Why should I always use @functools.wraps in my custom decorators?

When a decorator wraps a function, the wrapper replaces the original function object. Without @functools.wraps, attributes like __name__, __doc__, __module__, __qualname__, and __annotations__ all reflect the wrapper rather than the original function. Since Python 3.12, __type_params__ is also copied when @wraps is used. This breakage affects introspection tools, IDEs, doctest, Sphinx, pytest fixture discovery, and any runtime code that reads function metadata. The @wraps decorator also sets __wrapped__, which lets inspect.signature() traverse the decorator chain correctly.

What does @singledispatch do in Python?

@singledispatch transforms a function into a generic function that dispatches to different implementations based on the type of its first positional argument. You register type-specific implementations using the .register() method. The dispatcher resolves the implementation using the argument type's MRO, so registering against abstract base classes from collections.abc covers all concrete subclasses automatically. For dispatch inside a class, use singledispatchmethod instead, which dispatches on the second argument. Source: Python docs: functools.singledispatch.

When should I use @cached_property instead of @property?

Use @cached_property when the computed value is expensive to produce and will not change for the lifetime of the instance. The decorator computes the value once on first access and stores it directly in the instance __dict__ under the same name, bypassing the descriptor on all subsequent reads. Use @property when you need the value recomputed on every access or when you need setter and deleter support. Note that @cached_property requires a mutable instance __dict__ and interferes with PEP 412 key-sharing dictionaries, which can increase per-instance memory usage. Source: Python docs: functools.cached_property.

How does @total_ordering reduce boilerplate in Python classes?
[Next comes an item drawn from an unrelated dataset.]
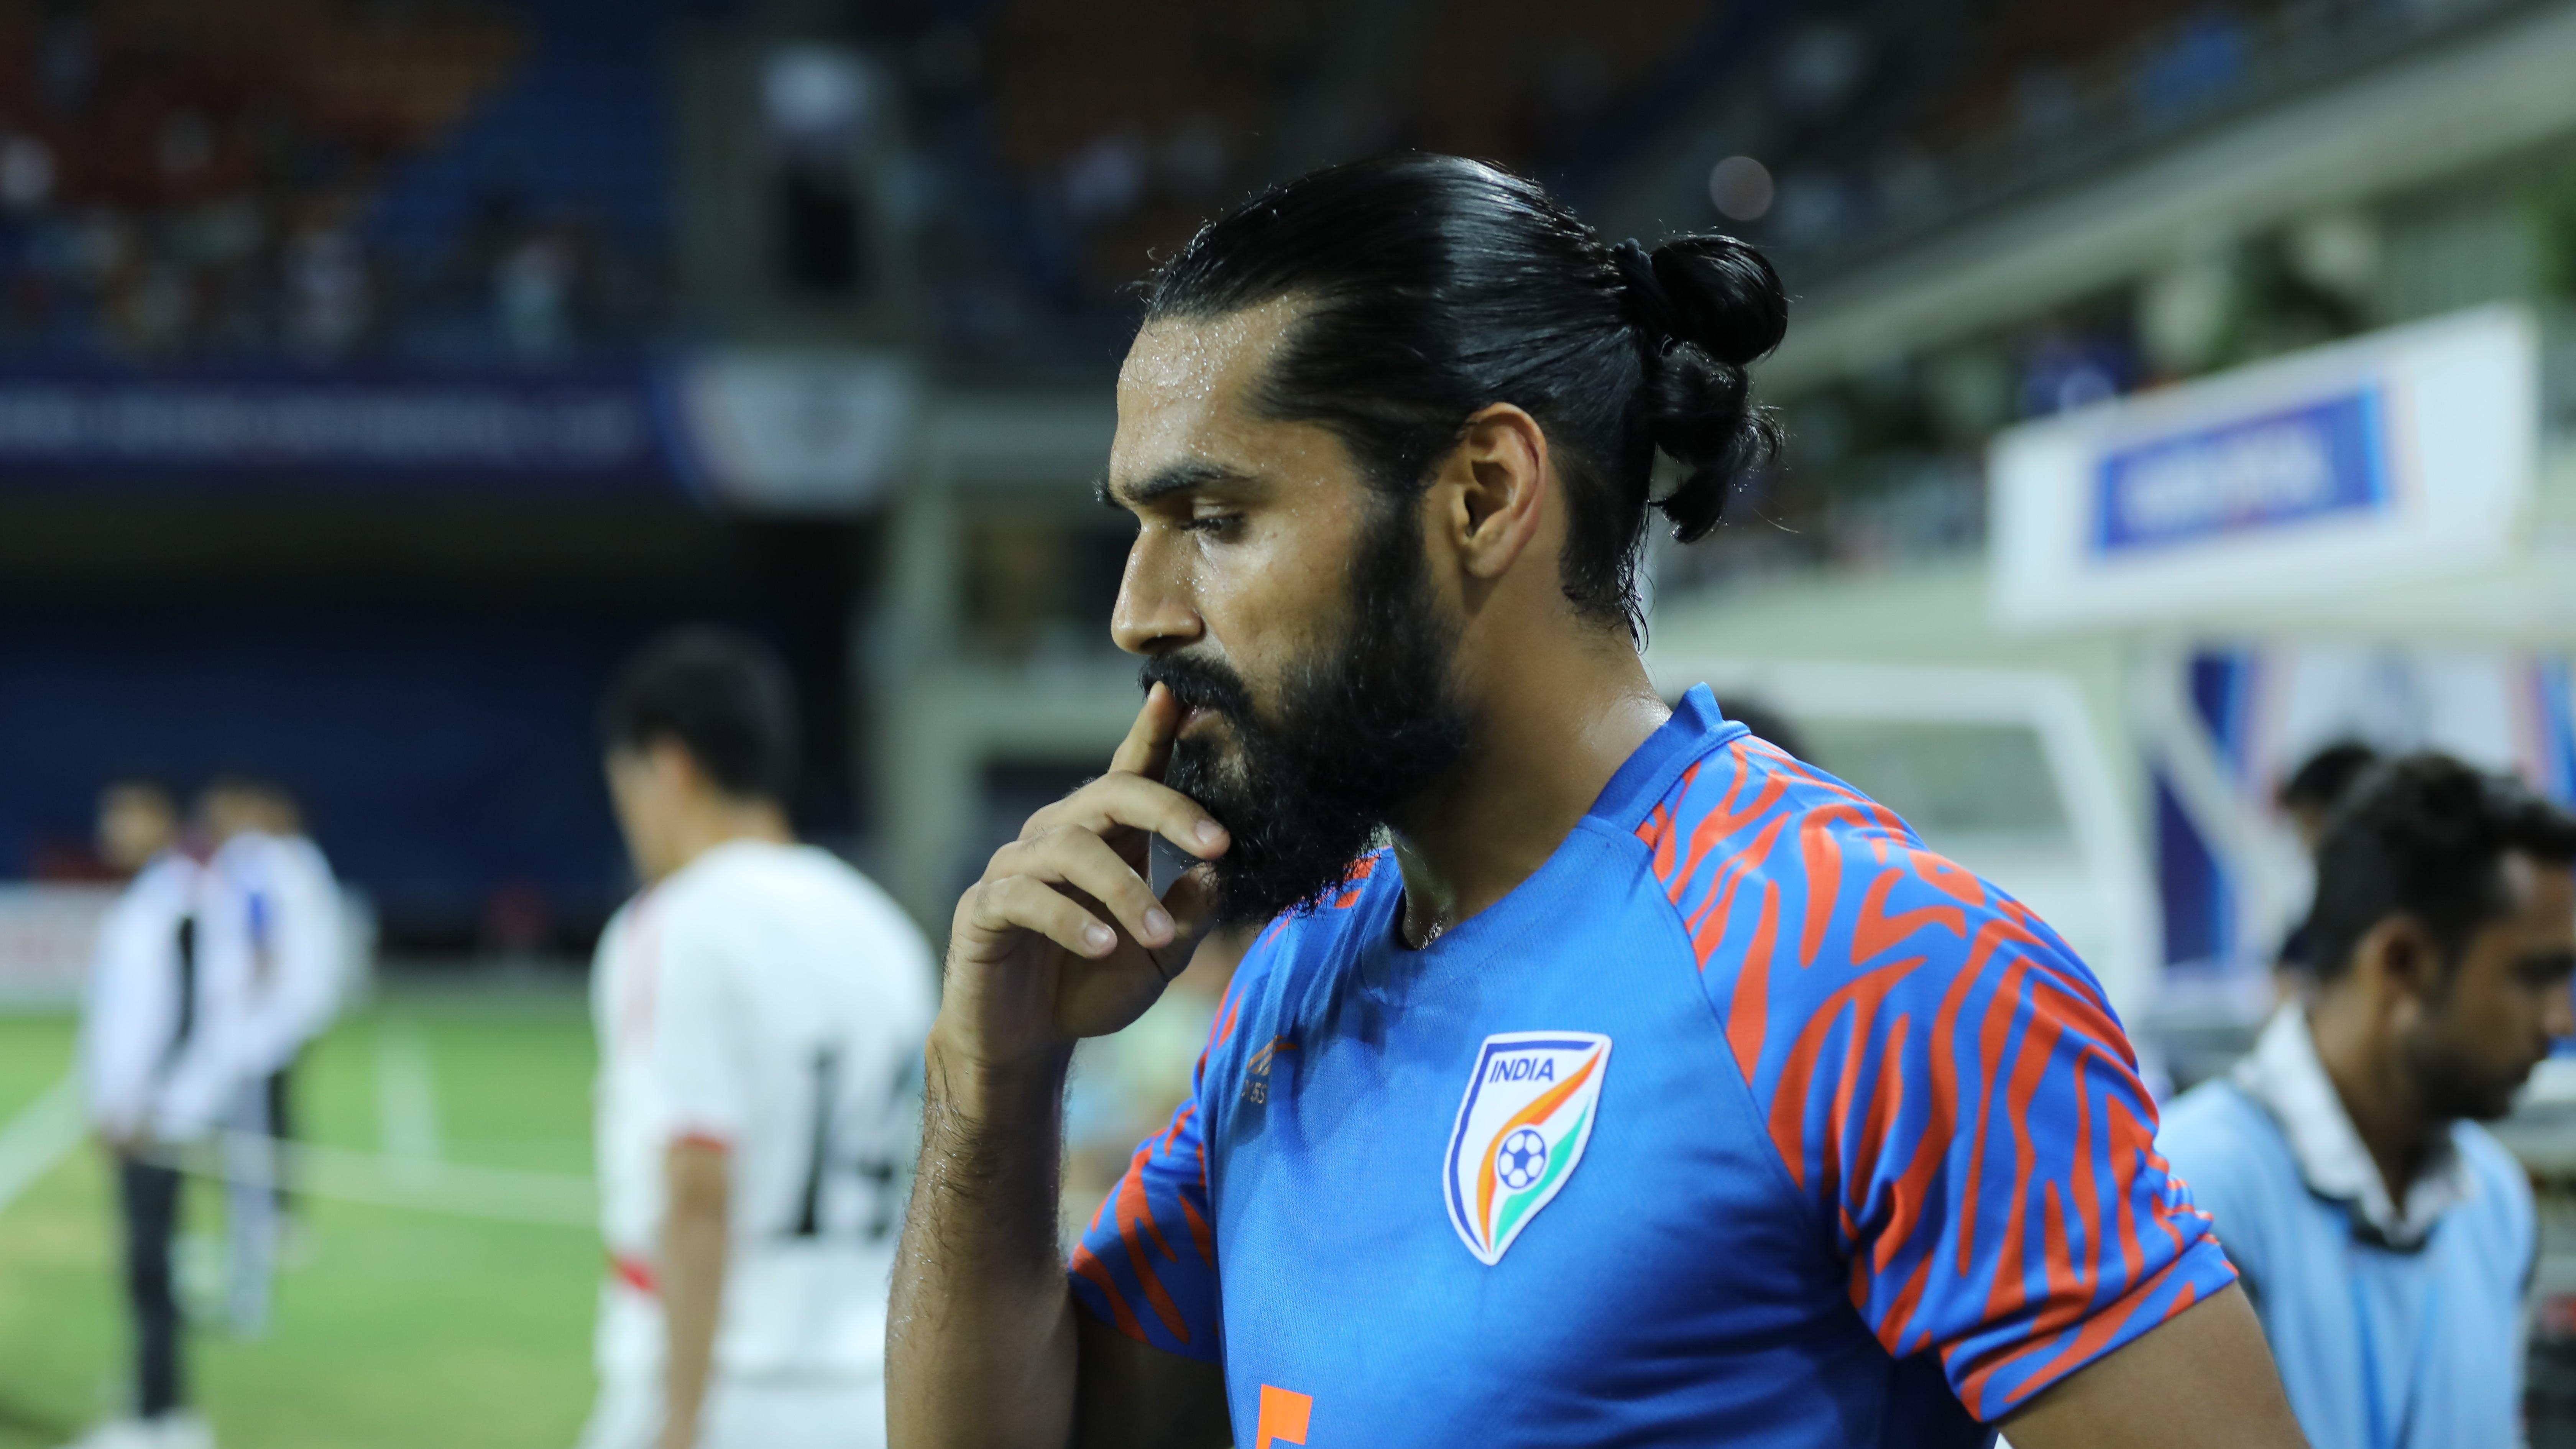 Sandesh Jhingan India DPR Korea Intercontinental Cup 2019

@total_ordering fills in the missing rich comparison methods (__le__, __gt__, __ge__) from the two you provide (__eq__ and one of __lt__, __le__, __gt__, or __ge__). Without it, a fully comparable class requires six method definitions. With it, you write two and the decorator derives the rest. The trade-off is a per-call overhead for the derived methods; in tight sorting loops over large collections, hand-implementing all six is faster. Always return NotImplemented rather than raising TypeError from comparison methods — the derived implementations rely on this. Source: Python docs: functools.total_ordering.

Does @lru_cache work with methods on a class?
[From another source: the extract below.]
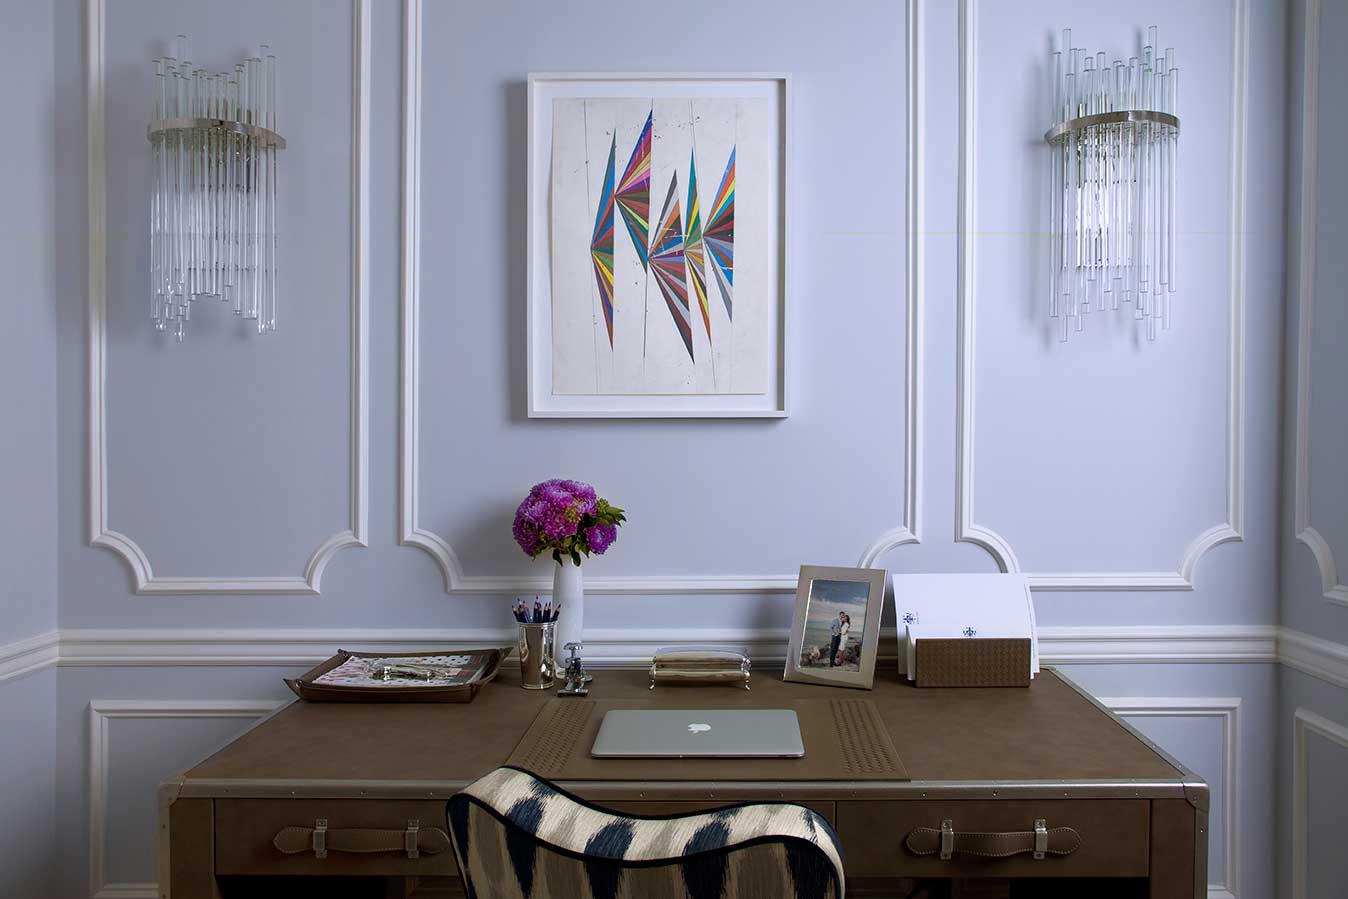 Nicole-Fuller-Florence-Fancy-childrens-boutique-new-york-interior-designer-1

Yes, but with an important caveat. When @lru_cache is applied to an instance method, self becomes part of the cache key. This prevents result confusion across instances, but it also prevents the instance from being garbage-collected as long as the cache holds a reference to it. In applications that create many short-lived instances — web servers, task queues, per-request objects — this causes steady memory growth unless the cache is cleared explicitly. For per-instance memoization of a computed attribute, @cached_property is the right tool. Source: Python FAQ: How do I cache method calls?

What is the typed parameter in @lru_cache?
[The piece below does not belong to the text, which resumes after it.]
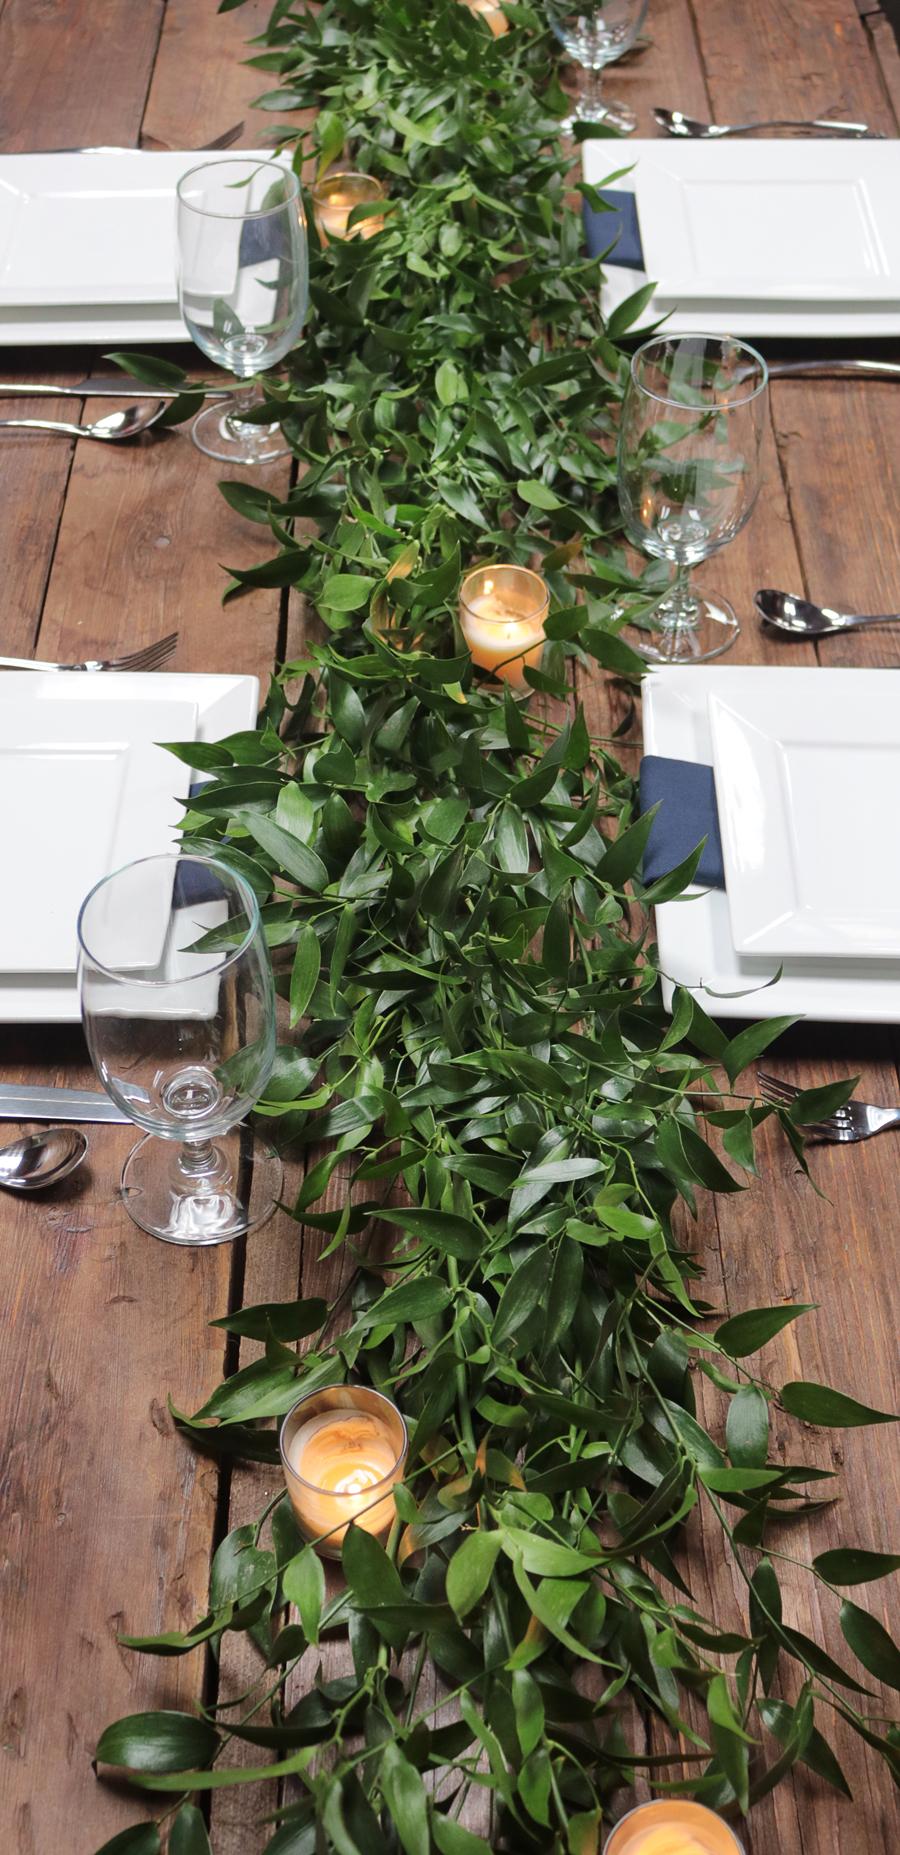 DIY fresh greenery table runner for weddings

When typed=True is passed to @lru_cache, arguments of different types are cached under separate keys even when their values are equal. For example, f(3) and f(3.0) produce two distinct cache entries with typed=True, because int and float are different types. The default is typed=False. To inspect the current maxsize and typed settings on a cached function at runtime, call cache_parameters(), which was added in Python 3.9. Source: Python docs: functools.lru_cache.